Мать с отцом и братья Грунины за неё ответили и сватам Тимохиным, и ему самому, – что согласная Груня. А Груня головою молча покачала… и глаз не подняла. Маманюшка потом со слезами умоляла её, – чтоб не отказывала Тимофею.

Братья Грунины, Иван с Макаром, – те построже были, порешительнее:

- Не пойдёшь за Тимофея, – собирайся в монастырь. Хоть завтра отвезём. Всё одно: с такой славою в девках вековать будешь. А наше слово тебе, сестра, такое: Тимофею в ноги поклонись, да будь ему женою покорной.

Только не маманины мольбы слёзные, не батино горе… не суровость братьев дело свершили – простыми и ласковыми словами нашёл Тимофей чуть приметную стёжечку к Груниному сердцу…

Свадьбу сыграли сияющим зимним днём – в невесомом и праздничном кружении метелицы.

С первого же дня – следуя строгому совету братьев – Груня старалась во всём угодить мужу… А Тимофей нахмурился:

- Люба ты мне, Груня. Потому и женился на тебе. Вины твоей передо мною нет. И про Фёдора я тебе ни словом не напомню.

Ждал Тимофей… надеялся, что оттает Грунюшкино сердце.

А она хлопотала по хозяйству и в доме, около печи. И была такой же покорной ему.

Уже в исходе лета собирался Тимофей на смену в шахту. Ещё до зорюшки поднялся, бережно прикрыл Грунюшку одеялом… Нынешнею ночушкой заметил… и сердце взлетело: будто бы отозвалась Груня на его ласки… Будто бы ладони её чуть встрепенулись на его плечах… И стыдливый, тихий-тихий… сладкий полустон расслышал. И сам ровно осмелел – быстро ноченька промелькнула...Утомил Груню своею смелостью.

Во двор вышел затемно. Не успел самокрутку свернуть – удивлённо всмотрелся в конец огорода: чья-то тень мелькнула?..
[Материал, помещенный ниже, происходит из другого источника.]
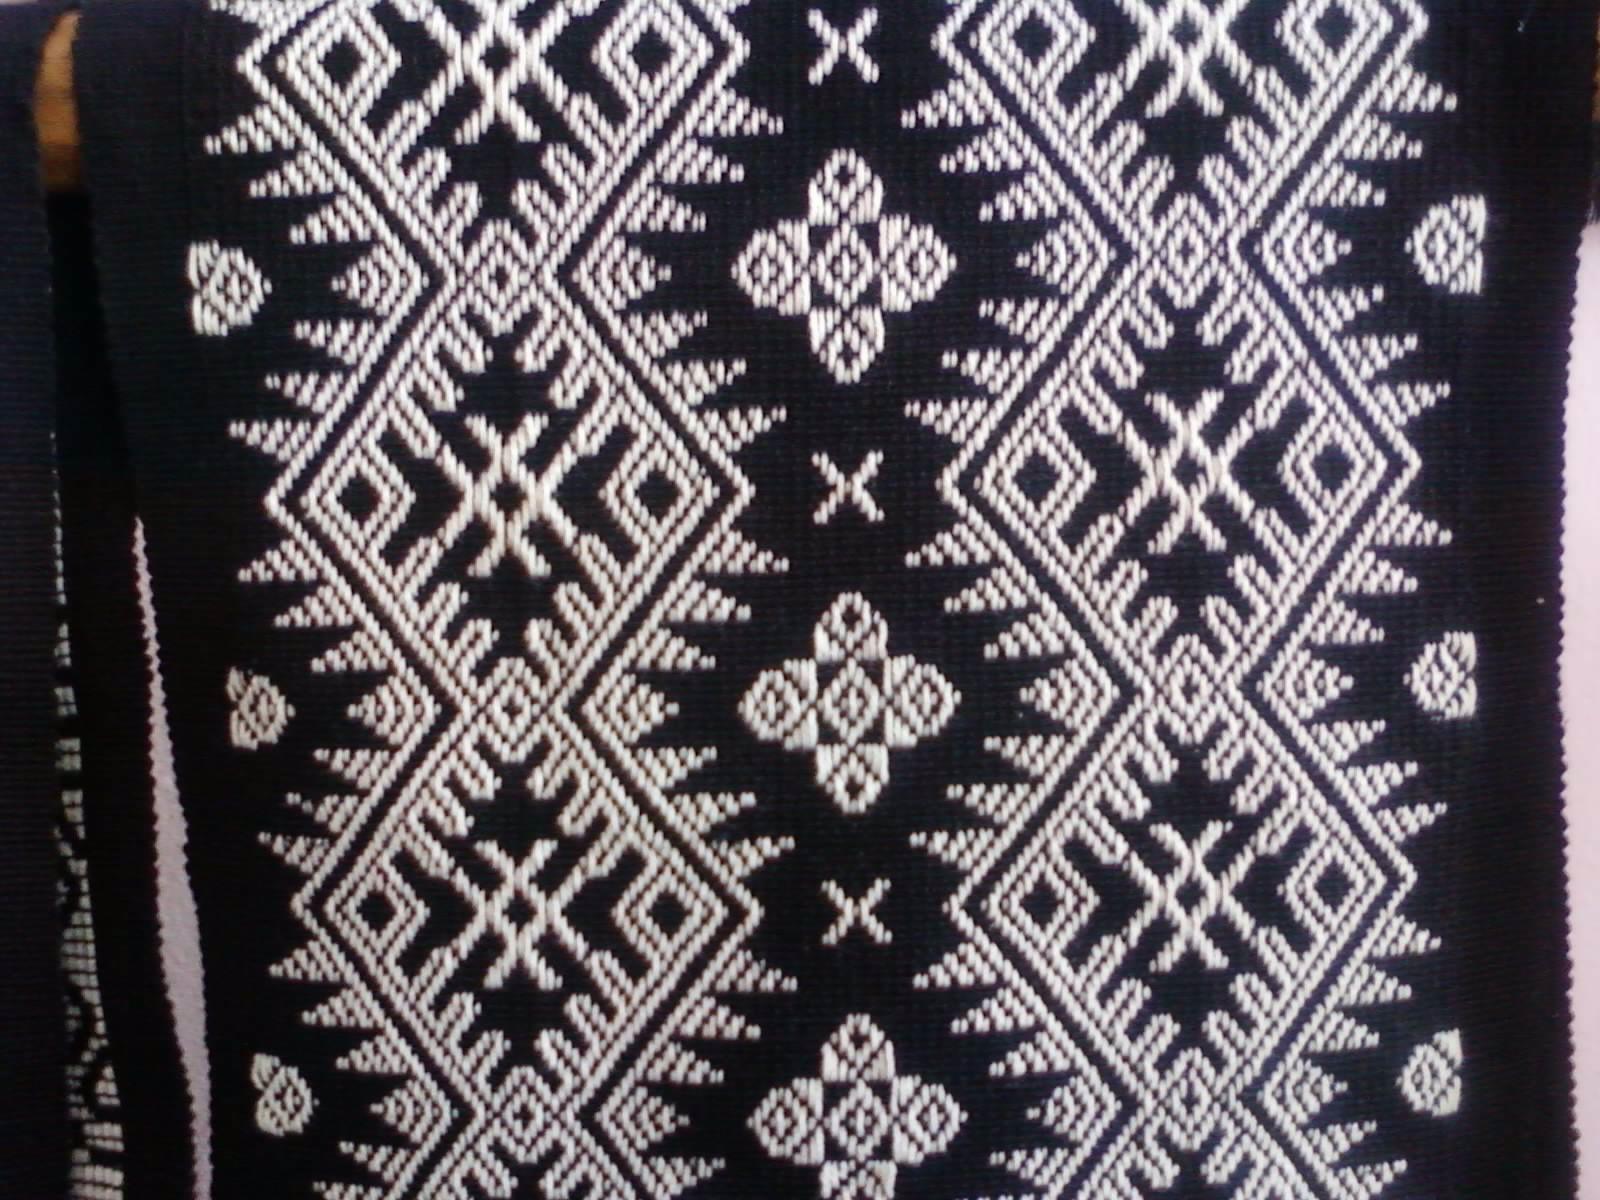 Ragam hias seluruh indonesia | Sharing knowledge

А у крыльца – либо корзина?..

Посветил огоньком: так и есть.

Может, Грунюшка что оставила, – ещё с вечера?..

Приподнял покрывальце… От изумления дышать перестал. В корзине – ребёночек. Кроха, – чуть больше его ладони.

Дорогие читатели! Чтобы вспомнить содержание и проследить связь событий, – преогромная просьба: не гневаться, а просто перечитать первую часть. От души спасибо за понимание.

В Крымскую войну неприятель осадил Севастополь. Русскому флоту требовались пушечные ядра. Моряки, защитники Севастополя, вынуждены были у входа в бухту затопить часть кораблей Черноморского флота – этим самым закрыть флоту противника доступ в неё. Предварительно с кораблей сняли пушки. Пушки эти были отлиты на Луганском литейном заводе, и ядра нужного калибра выпускал к ним лишь Луганский завод. К тому же Луганск, Луганский литейный завод находился в непосредственной близости к театру боевых действий в Крыму. Луганский завод за два летних месяца 1854-го года изготовил более шестидесяти четырёх пудов снарядов – за один месяц перекрыл годовой план.

Ежедневно завод отправлял осаждённому Севастополю по две-три тысячи пудов пушечных ядер. Это было в двадцать раз больше того, что предусматривалось постановлением Правительства в начале 1853-го года. Такого количества отливок не производил ни один завод. Луганский Литейный завод и луганские шахты ни на одну минуту дня и ночи не прекращали работу.

Производство такого количества отливок ядер высочайшего качества требовало немыслимого напряжения сил рабочих завода и шахтёров. А ещё – чёткой организации труда. В таких условиях особо проявился талант начальника Луганского Литейного завода горного инженера Николая Терентьевича Летуновского. Его помощниками были видные специалисты горнозаводского дела в России (попутно… и не лишне: образования со странным названием украина тогда просто не было… Это – к слову о Донбассе): подполковник Константин Николаевич Томилов, управитель завода инженер-капитан, а в скором времени – подполковник Дмитрий Ильич Филипьев, смотритель угольных рудников штабс-капитан Михаил Михайлович Чернявский, маркшейдер Александр Васильевич Васильев, поручики Вагнер и Першин, подполковники Евгений Борисович Иваницкий и Аполлон Фёдорович Мевиус. Среди этих инженеров были известные русские геологи, горняки, металлурги, машиностроители. Их деятельность во многом определила успехи развития российской промышленности.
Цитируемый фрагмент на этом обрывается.